FORTRAN MPI_SENDRECV_REPLACE(buf,count,datatype,dest,sendtag, source,recvtag,comm,status,ierr)
C MPI_Sendrecv_replace(buf,count,datatype,dest,sendtag, source,recvtag,comm,status)

2.0 Parts of an MPI Message

The arguments passed to an MPI function distinguish two parts of an MPI message:
  • message data, which describes the actual data in the message
  • message envelope, which contains extra information to help deliver the message in a SEND and insure it is the right message to receive in a RECV

2.1 Message Data

The first arguments of an MPI function call describe the actual data being passed.

data points to the buffer containing the data to be sent (MPI_SEND) or received (MPI_RECV).

count tells the number of data elements in the message. This is a number of elements not bytes. This hides machine dependency and gives MPI portability dealing with messages across different platforms where the size of a data element can be different from one system to another.

datatype describes the type of data in the message. A type can be any one of MPI predefined data types, or can be a user-defined derived data type. MPI provides a set of predefined data types that cover the basic type in FORTRAN and C programming languages.

2.2 Message Envelope

dest is the message destination, which is the rank of the processor that will receive the message.

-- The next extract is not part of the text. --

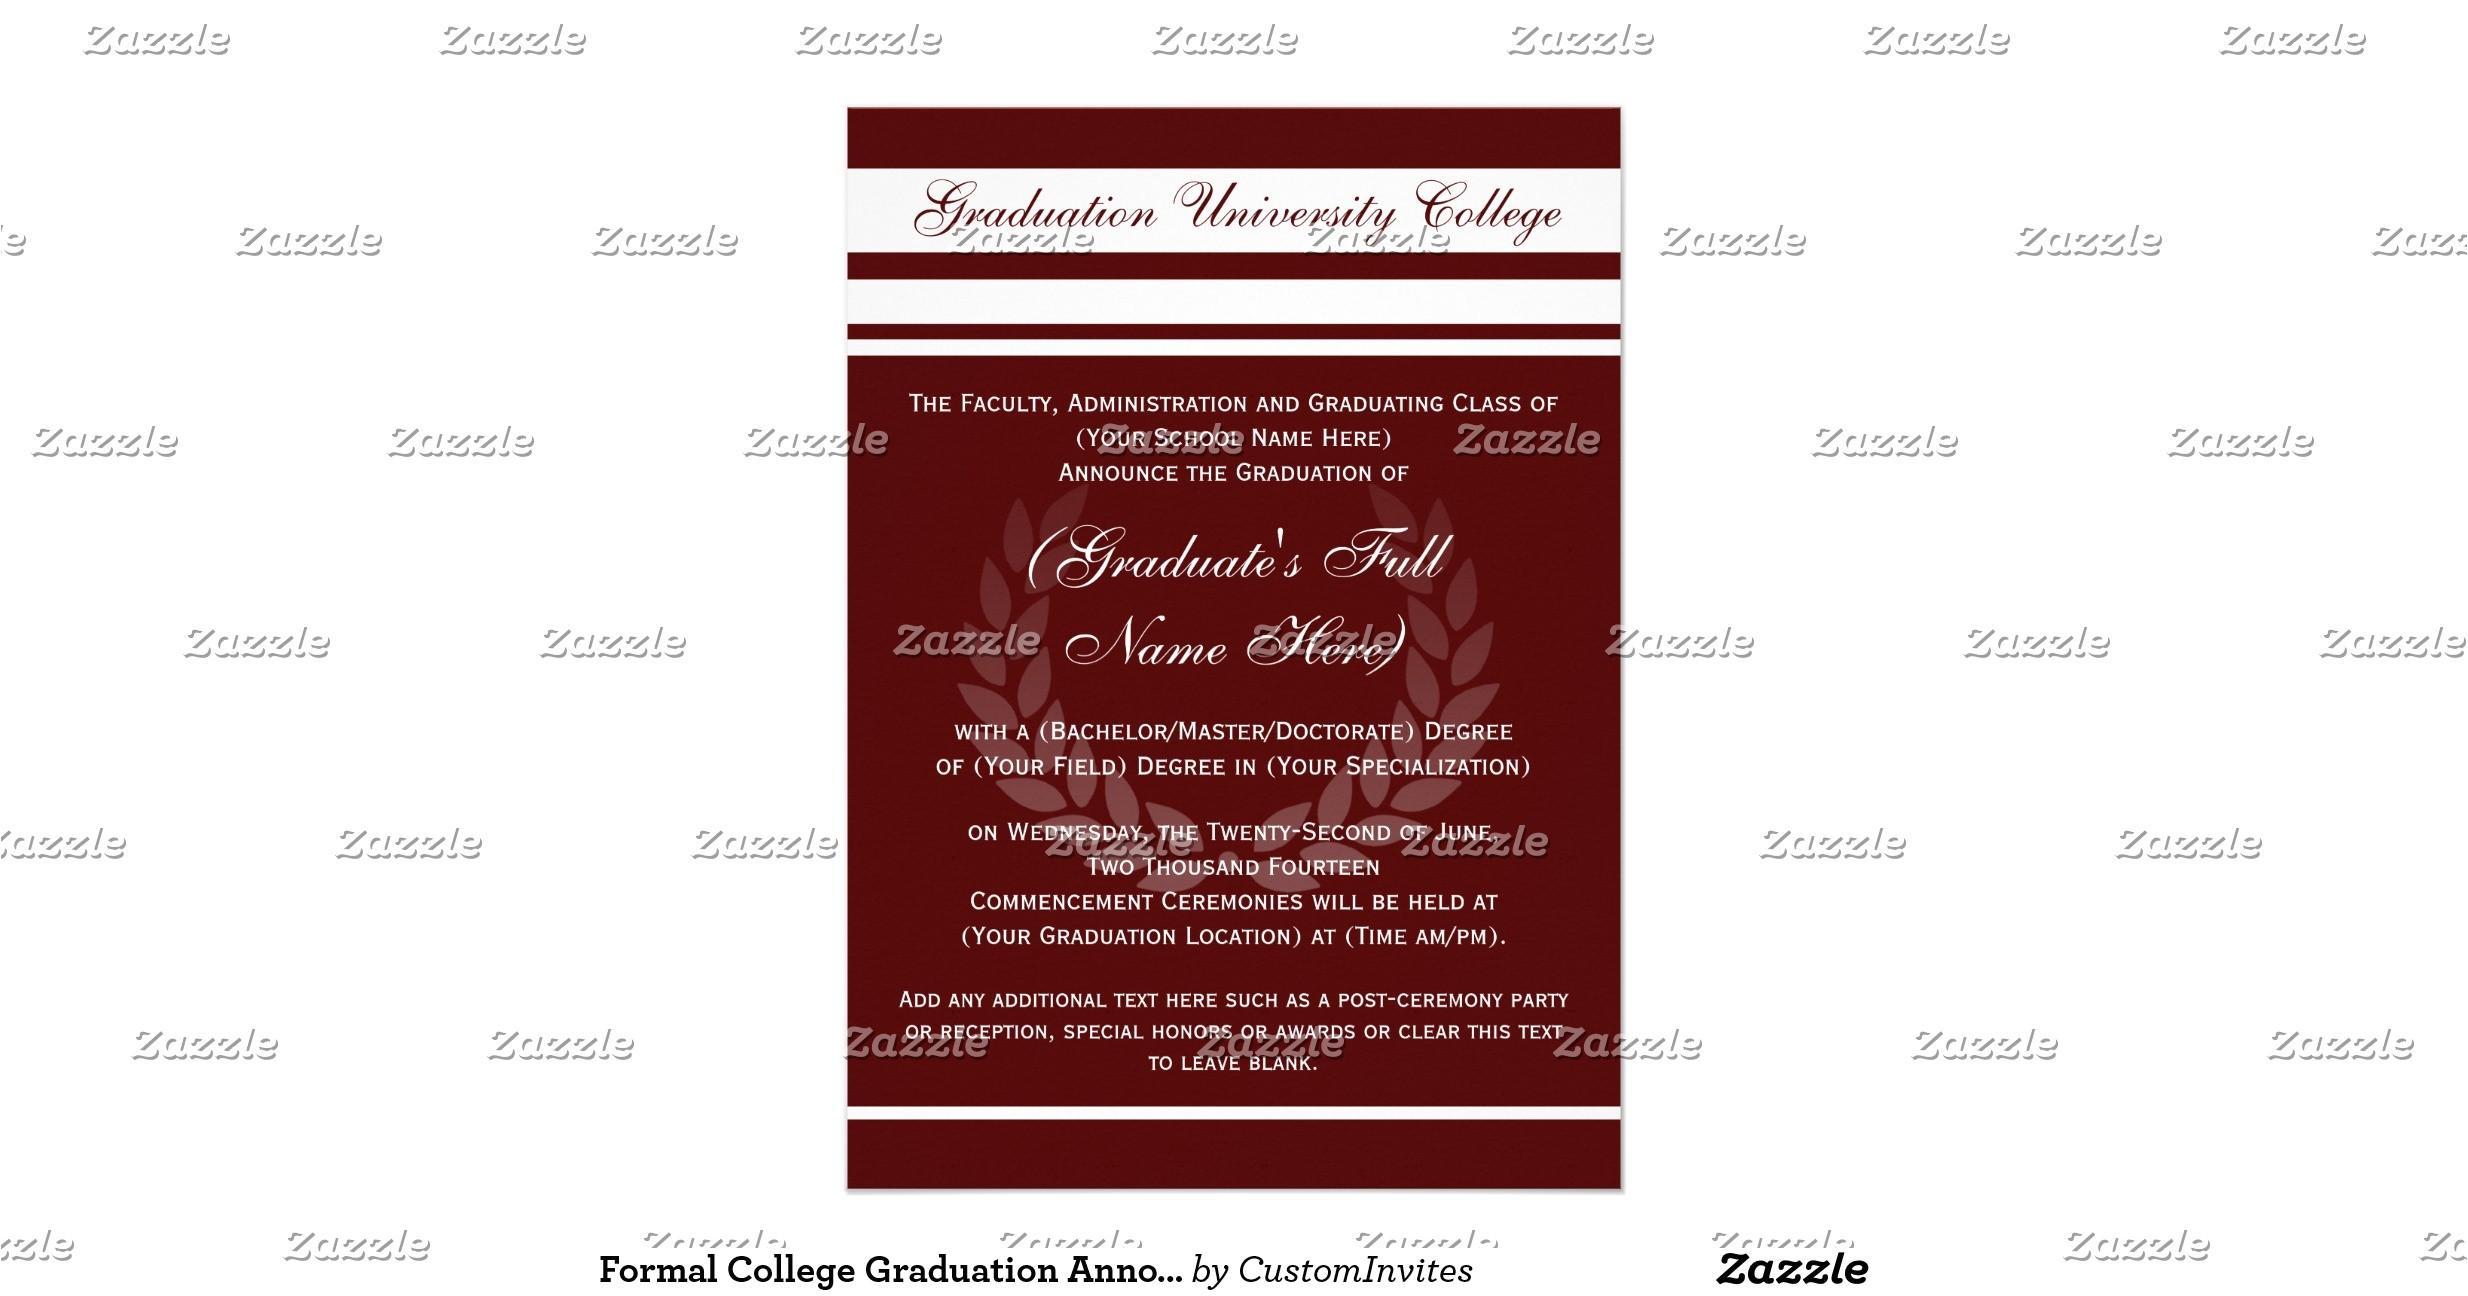 formal college graduation announcements maroon 161178126605710230

source is the rank of the processor providing the message. MPI_Recv will only receive a message coming from rank source, unless the MPI constant MPI_ANY_SOURCE is used for source. In that case, a message coming from any source is received.

tag is an integer that identifies the message. A receiving process will only receive a message if the message tag matches the tag in the MPI_Recv. If the MPI constant MPI_ANY_TAG is used as a tag in MPI_Recv, then the process will accept a message with any tag.

comm is the communicator of the sender and receiver processes.

status is an array in FORTRAN or a data structure in C. The array or data structure is used by MPI_Recv to store information on the received message. If MPI_Recv is using MPI_ANY_TAG and MPI_ANY_SOURCE for tag and source respectively, then status(MPI_TAG) and status(MPI_SOURCE) can be used to find the tag and source of the received message. In C, this is the status.MPI_TAG and status.MPI_SOURCE.